There are two issues to address. One is that your original calls to sscanf()
yield undefined behaviour — that's the easy bit. The other part is that you assume that the data on each line fits into the variables — and since you didn't show the sizes, it is hard to know whether that's plausible. It also isn't clear whether all the fields are the same size or not; my presumption would be that they're of different sizes.
There are several ways to tackle this. I'd probably write a function along the lines of:
int read_value(const char *prompt, char *buffer, size_t buflen)
{
char line[4096]; // Big!
buffer[0] = '\0'; // Null terminate output in case of EOF.
printf("%s: ", prompt);
fflush(stdout); // Optional
if (fgets(line, sizeof(line), stdin) == 0)
return EOF;
size_t len = strlen(line);
if (line[len-1] == '\n')
line[--len] = '\0';
if (len > buflen)
len = buflen - 1;
memmove(buffer, line, len);
buffer[len] = '\0';
return len;
}
This assumes that truncation of data is OK, and that leading white space does not need to be skipped, nor trailing white space other than the newline. Removing leading space is trivial: strspn()
is ideal. Removing trailing space is less trivial; you have to write a decrementing loop yourself, taking care to handle an all-blank line correctly.
The function prints the prompt string and adds a colon and blank at the end; if you don't want that, use just printf("%s", prompt);
or fputs(prompt, stdout);
— do not use printf(prompt);
because that crashes horribly if the prompt ever contains a percent symbol: "Enter discount (%)"

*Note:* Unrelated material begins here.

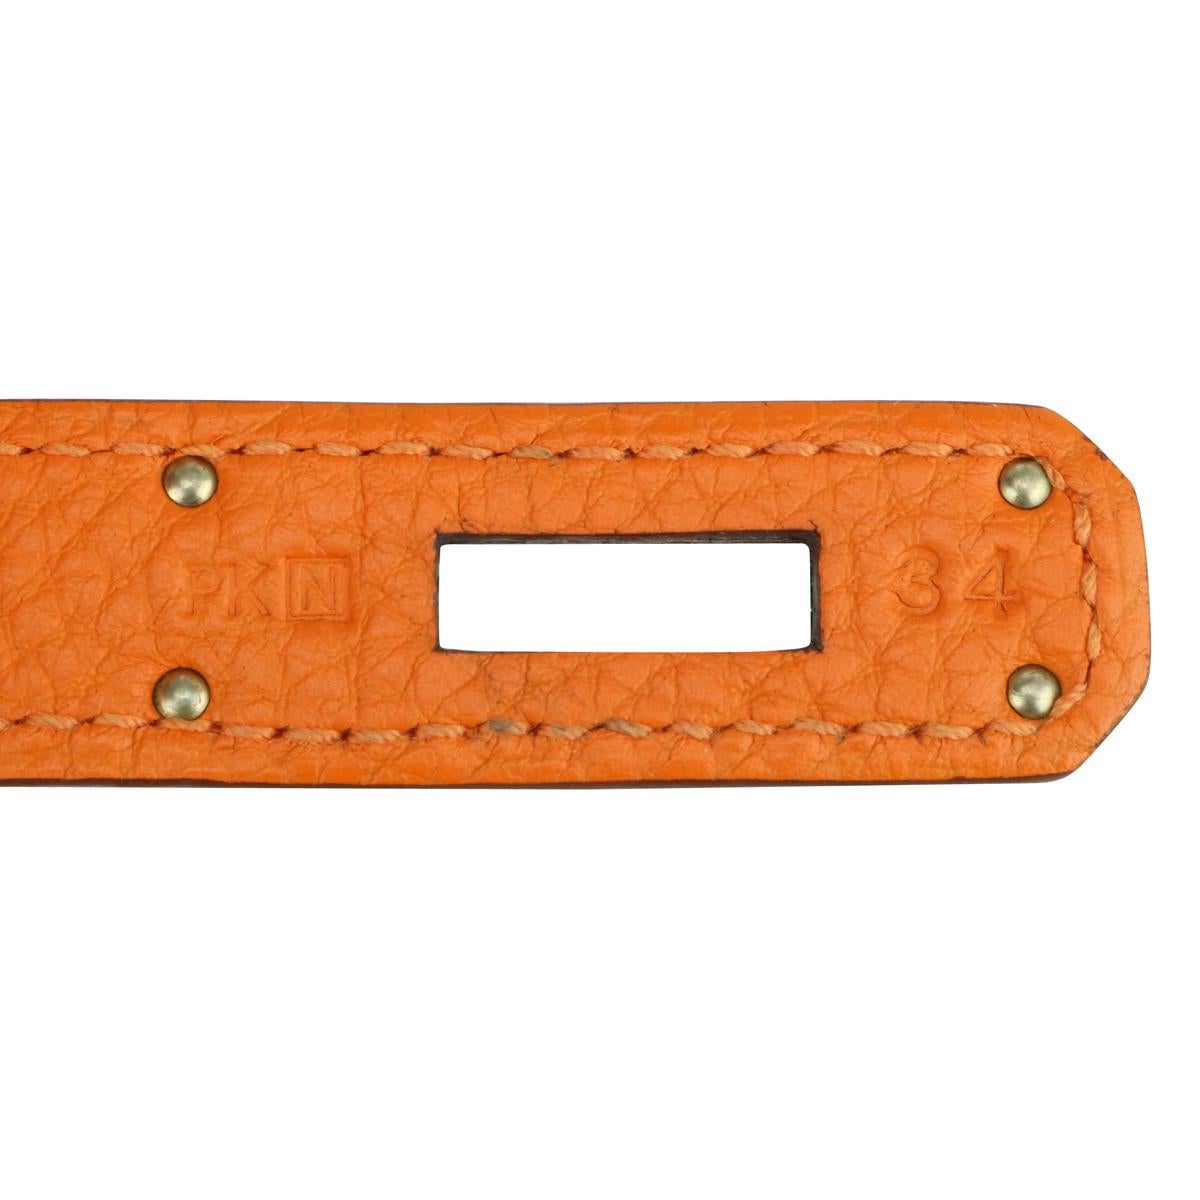 Hermès Birkin Bag 35cm Orange Togo Leather with Palladium Hardware Stamp N 2010 12

, for example. The fflush()
is not usually needed (the system will usually do it for you), but it makes sure the prompt is visible.
The fgets()
reads into a big line buffer; for all practical purposes, it ensures you read the full line. The test for newline could be given an else
clause that handles a truncated line — JSON data (bookmarks files, for instance) can be humungous single lines of data — and you could report an error, or gobble to the end of line or EOF, or whatever other mechanism seems appropriate to you.
The code also truncates the data that was read if it won't fit in the buffer passed to the function — again, you could report an error if you preferred, or use a more sophisticated truncating algorithm than simply overwriting the data at the maximum length (search for the prior word break, for example).
The memmove()
plus assignment null terminates the data after the copy. The length of the string is returned (or EOF on error). This is something that a better version of fgets()
would do automatically (and the POSIX getline()
function already does).
Using this function, your code that reads:
printf("\nEnter car make: ");
fgets(makein, sizeof(makein), stdin);
sscanf(makein, "%[^\n]",makein);
would become:
if (read_value("\nEnter car make", makein, sizeof(makein)) == EOF)
…handle error…
Your existing code ignores EOF, so this is an improvement. I could also note that your memset()
calls are not really necessary; the strings returned will be null terminated.